Earth Week offered Lehigh Valley residents the opportunity to hear two environmental experts speak, Dr. George Woodwell from the Woods Hole Research Center, and Bill McKibben, founder of 350.org.
I was fortunate to hear both.
Their work, research and message emphasize the same thing: we all need to do something to lessen the amount of carbon in our atmosphere.
For so many, that seems like a daunting task. Most of us are everyday people with jobs, families and a multitude of other responsibilities.
Isn’t a problem like this better left to the scientists? What can we do?
I believe we all have a role to play in reversing the carbon numbers.
Here are a few things you can do.
Trees, we’ve all heard this before. Planting trees will help remove carbon from the atmosphere. Do some research before you buy and plant. Is it a native tree? Will it grow too big for the space you have available? When that happens, most people want to have their trees topped.
Don’t do it. Why not? You’ve removed the structural branches with the leaves that help clean the air and the tree will struggle to stay alive. It will send out many weak branches quickly to try and compensate for the loss.
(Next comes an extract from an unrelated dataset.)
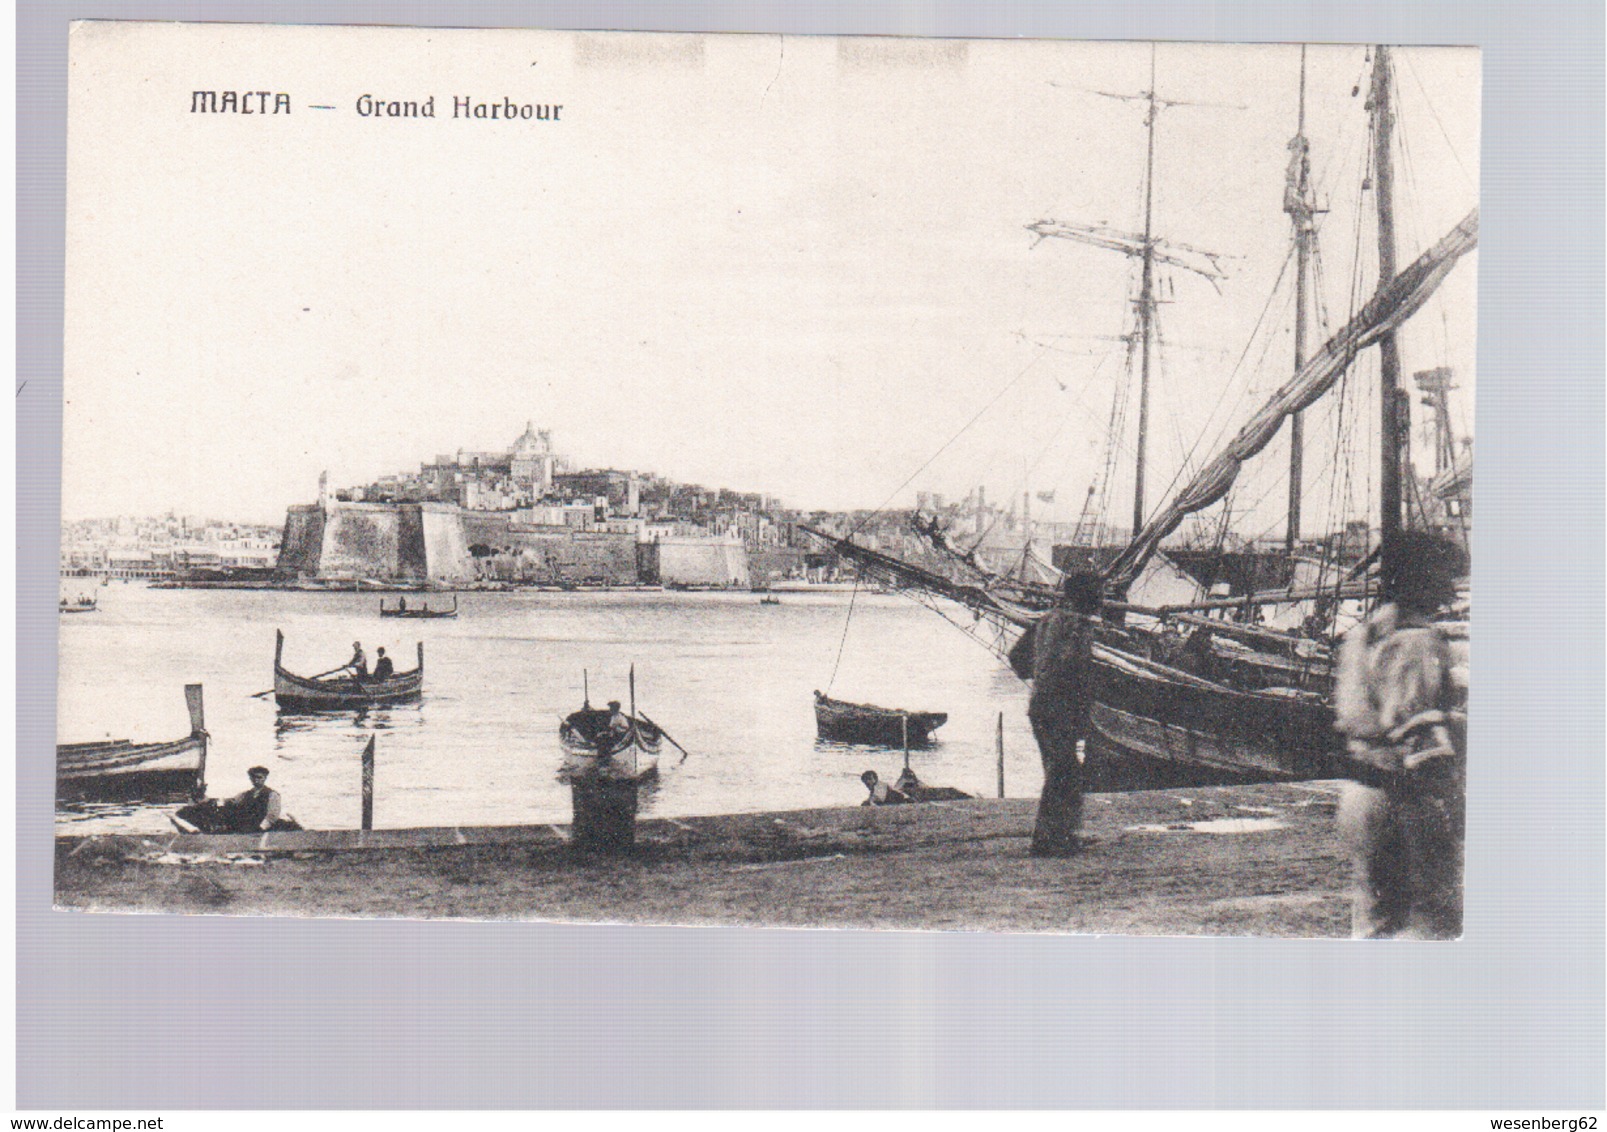 MALTA Grand Harbour Ca 1920 Old Postcard - Malta

The tree is weaker and less healthy.
Let’s suppose you’ve chosen the right tree for your space. Will the tree shade the south or west side of your home to help cool it in the summer, and when it’s leaves fall, warm that area of your home in the winter?
If so, you now have the benefits of passive cooling and solar heat gain. (You probably thought all solar was too expensive.)
Planting evergreen trees near your home can help block the cold northwest winds in winter.
Your home will now be warmer and the evergreen will provide coolness in the summer.
By planting a tree, you’ve reduced carbon in the air and reduced the amount of fossil fuel you need to heat and cool your home. That’s a win-win.
To be sure, we will all need to do more and this is just one simple example.
What else can you come up with? There are 365 days in one year. If we all did one earth friendly action each day, imagine the difference we can all make.
Editor’s note: Marie North of South Whitehall Township, is a certified sustainable building advisor.